Поразительное признание, если учесть, что оно высказано в начале 1920 года! Ведь здесь почти что перифраз будущего открытого письма Н. В. Чайковскому, датированного апрелем 1922 года. Значит, все это время, наряду со всем тем, что было на поверхности, «на людях», в душе Толстого кипела огромная внутренняя работа, шла «примерка» к совершенно новым условиям, согласование «себя» с «историей». Еще раз хочу сказать о театральности его натуры, вкусе к «игре», притворству, можно сказать, любви к бескорыстной работе «на публику». Только этот чисто психологический ключ поможет, мне кажется, понять ту скорость, с которой развивались далее события.

Уже в феврале 1922 года на квартире редактора газеты «Руль» И. В. Гессена состоялся литературный вечер приехавшего из Советского Союза Б. Пильняка и А. Толстого. В марте, после создания левоэмигрантской газеты «Накануне», Толстой начинает сотрудничать в ней и становится заведующим литературным отделом. Эта редакция открывает свое отделение главной конторы и в Москве, в Большом Гнездниковском переулке. На страницах «Накануне» широко публикуются произведения советских писателей (правда, лишь тех, кого именуют тогда в самой России «попутчиками», а то и «внутренними эмигрантами», – К. Федина, Вс. Иванова, В. Катаева, Б. Пильняка и других, например М. Булгакова, который, однако, с разящей откровенностью занес в дневник: «Компания исключительной сволочи группируется в «Накануне». Могу себя поздравить, что я в их среде ‹…› нужно будет соскребать накопившуюся грязь со своего имени»).

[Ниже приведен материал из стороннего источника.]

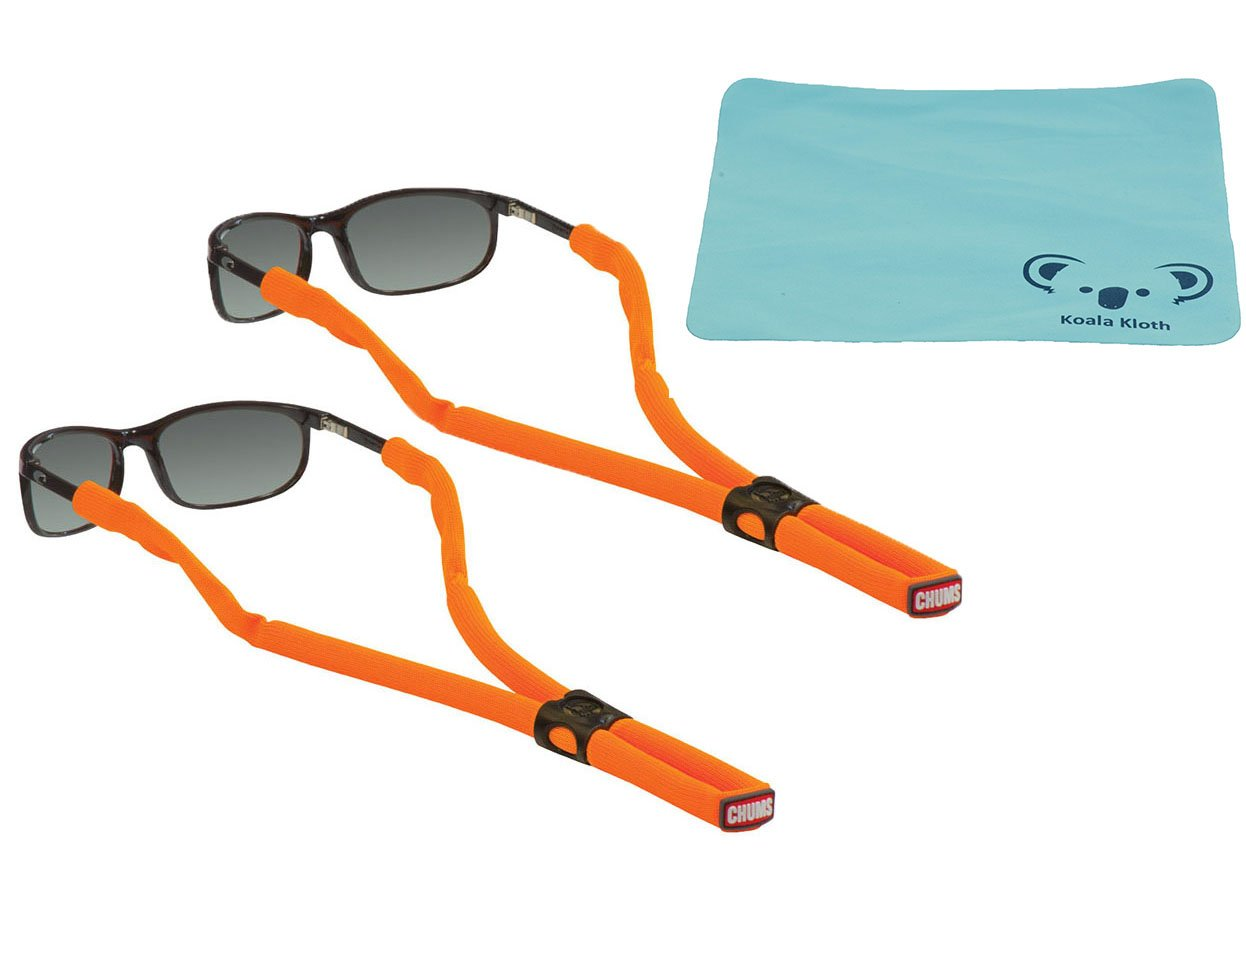 Koala Lifestyle Chums Classic Glassfloats Floating Eyewear Retainer Sunglass Strap | Eyeglass & Glasses Float | Water Sports Holder Keeper Lanyard | 2pk Bundle + Cloth, Neon Orange by Koala Lifestyle

С этого момента в «русском Берлине» как бы воздвигается невидимая стена, разделяющая зарубежных литераторов на два лагеря. Некогда дружеские связи с Толстым постепенно сходят на нет. Бунин поддерживает близкие отношения с четой Мережковских и особенно задушевные – с Б. К. Зайцевым (их «две Веры» дружили еще с Москвы). Но вплоть до появления в Грассе «литературной академии» – кружка молодых писателей, с уходом Куприна, а затем Толстого, чувствует пустоту.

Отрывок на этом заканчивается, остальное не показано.